Not happy with Husband ;(😭😭 help me out

So been married for 3.5 years and have a lovely baby. Life is so good everything is perfect and yes hubby is so good, caring n loving. Yes I'm happy and I know why you asking that how hubby's horrible? Tell you what.

It's been a long time since we last had intimacy from his side. During and after pregnancy he's not really keen for having sex. How old is he, well he just turned 27y/o n at this young age he lost his desires. Maybe I've more desire of having sex but do you think I'm wrong for it? Wanting to have a healthy physical relationship and make each other happy? I mean who don't love having sex? Or making love? This entire 10 months I have been trying to make him have it and it feels like he only do it when I make like rubb him there or just you know kiss him differently and lose myself. And he doesn't back off he just then try to carry on but I don't feel it that way when he used to loose control and drove crazy all over and over. He used to get crazy every other night tho he has stress from work but he was just amazing. Now he's not even having a shred of it.

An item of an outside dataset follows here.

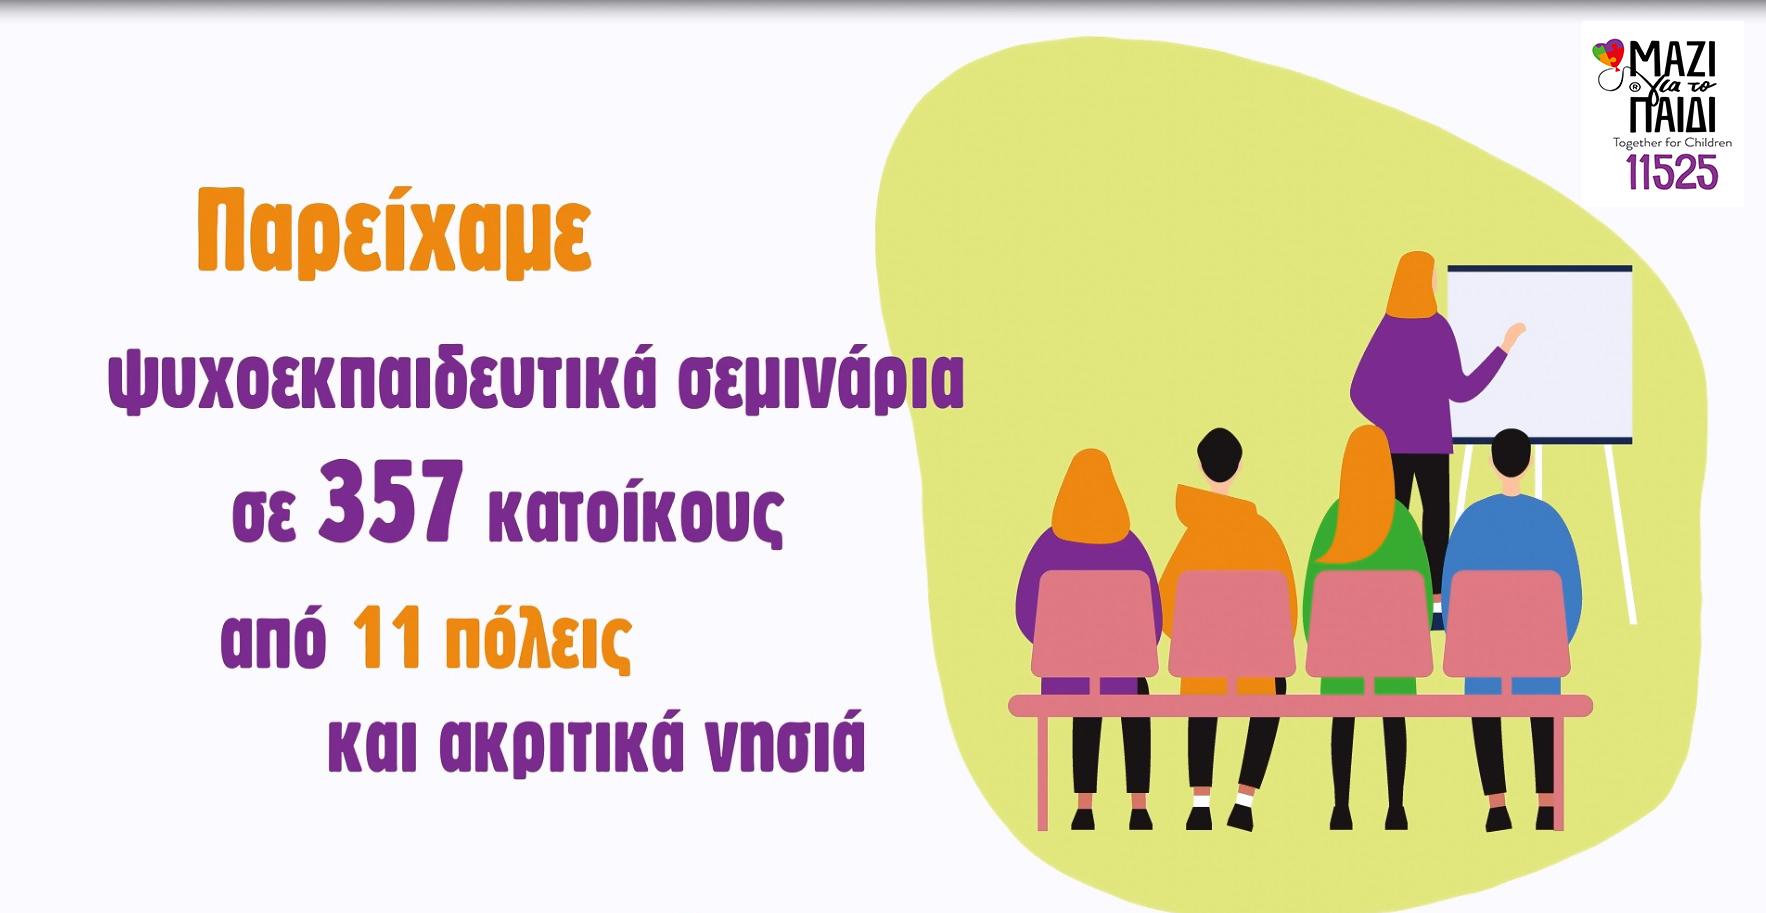 mazigiatopaidi infographics2019 2

I talk to him about this 2 months ago and then he cleared his mind and we went on vacation to my homeland where we enjoyed a lot and he surprised me on couple occasions. But when we came back and then back on same old track. Its not that he's cheating its just he said that I have high sex drive than him I mean, okay as a wife and women I do but you have not a single shred of it and why? I mean you're young and everything? I asked him if he's interested in someone else's so do let me know I won't mind and h said no, never I love u the most and I don't want you to even think of that (which is true he loves and take care of us both).

So now we talked and he said my mind is clear now and I feel that drive has come back.

Yes I'm writing this very moment as he's sleeping right next to after saying that. P. S it's been a long time since we last did. He told me yesterday that he's gonna do it on Saturday night.

So my question is, what should I do?

Is it wrong of me having desires and desperation?

Should I take him for therapy? Ask him to Use Viagra?

Or just leave it as it is?

Or is it normal for that age of man?